◆ AIM OF THE EXERCISE ◆
Write out each line below precisely, passing over the pictures.

◆ DATA EXTRACT ◆
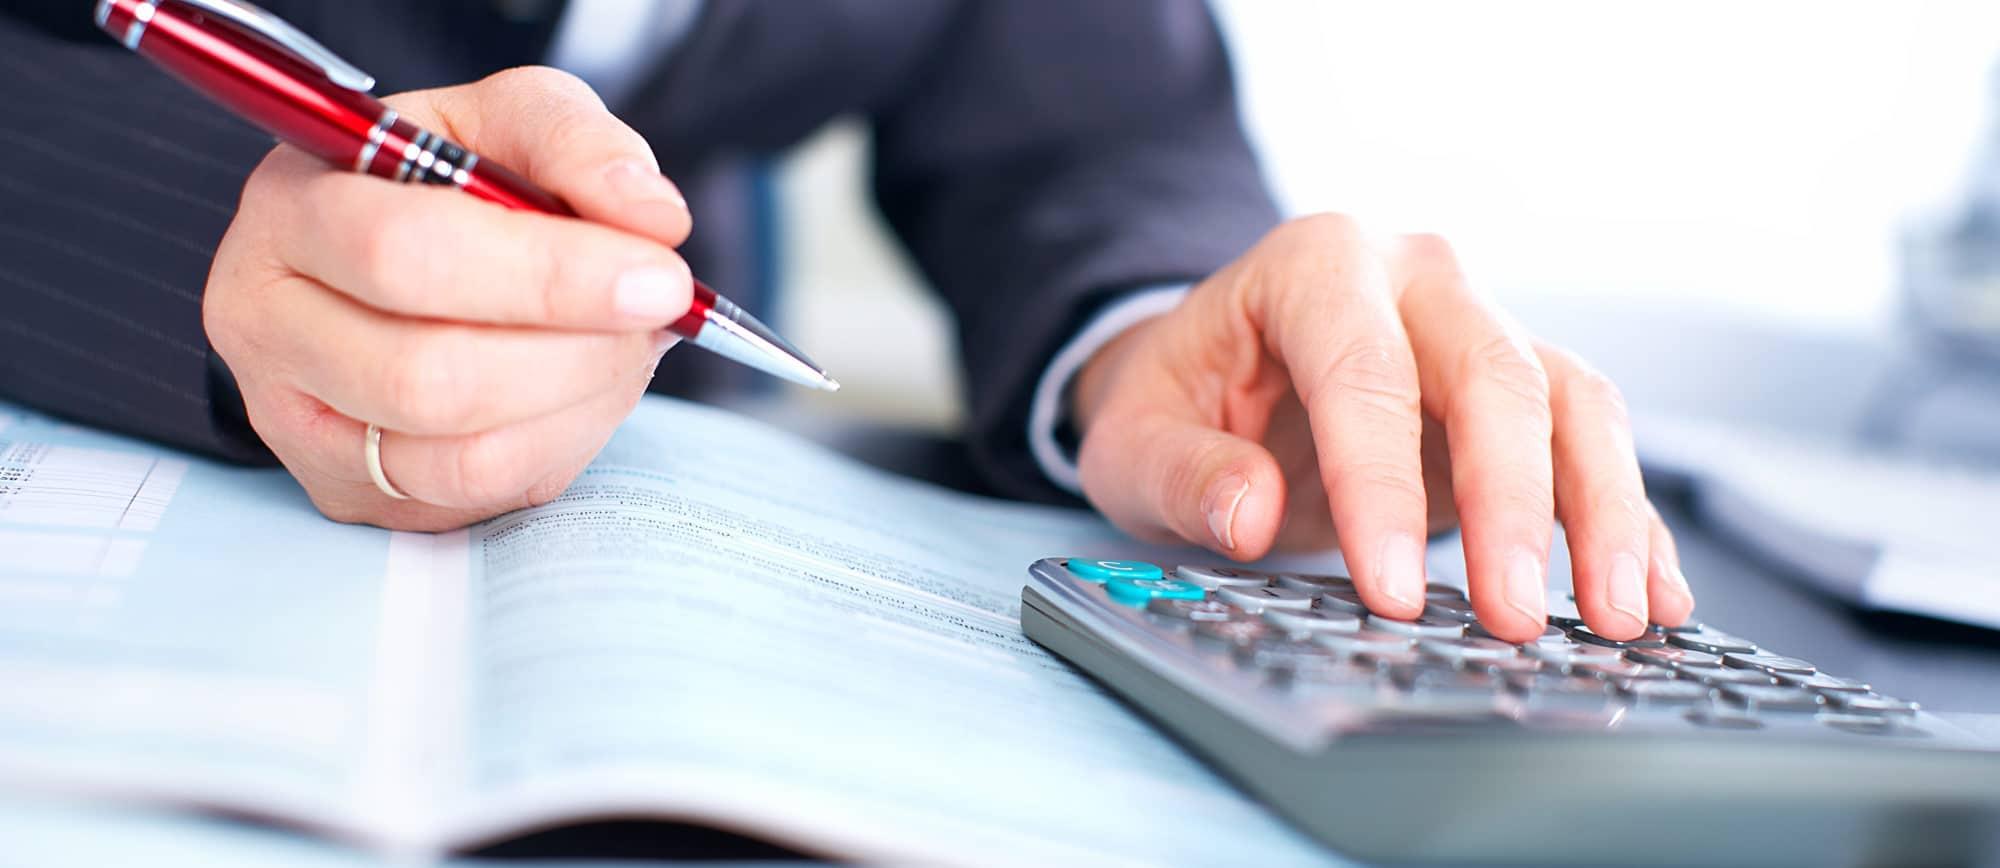 sujets pour un mémoire d'expertise comptable
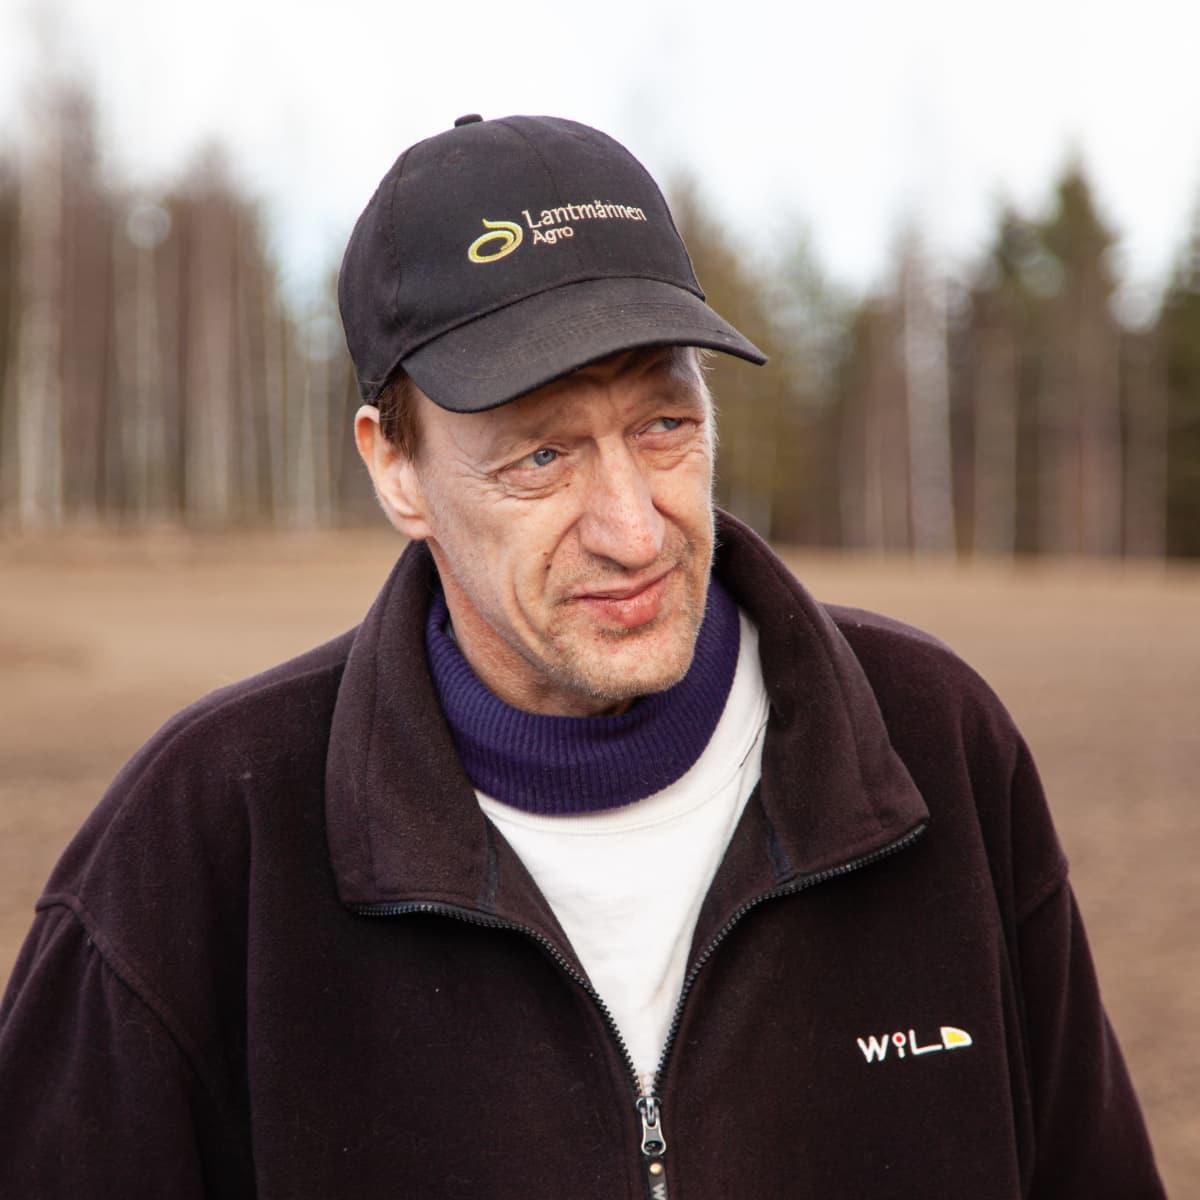 Lemiläinen perunanviljelijä Ahti Junnonen.
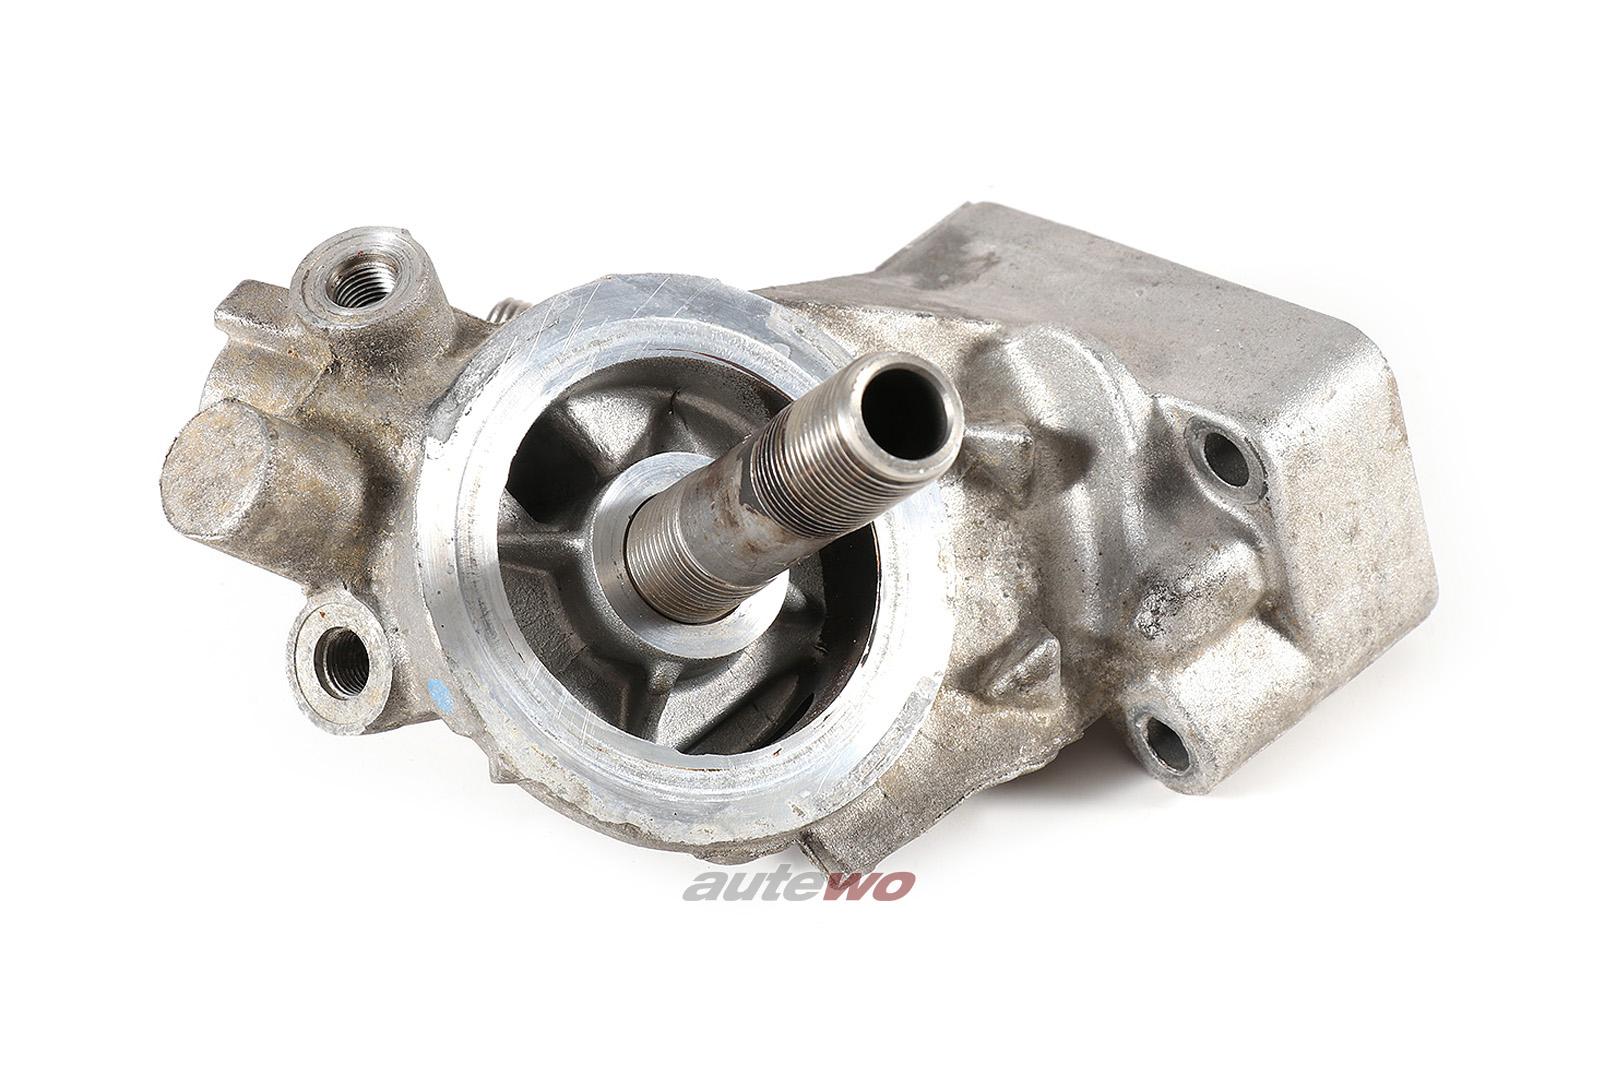 050115417 058115405C Audi/VW A4 B5/A6 4B 1.8l Ölfilterhalter

◆ EXERCISE RESPONSE ◆
 sujets pour un mémoire d'expertise comptable
 Lemiläinen perunanviljelijä Ahti Junnonen.
 050115417 058115405C Audi/VW A4 B5/A6 4B 1.8l Ölfilterhalter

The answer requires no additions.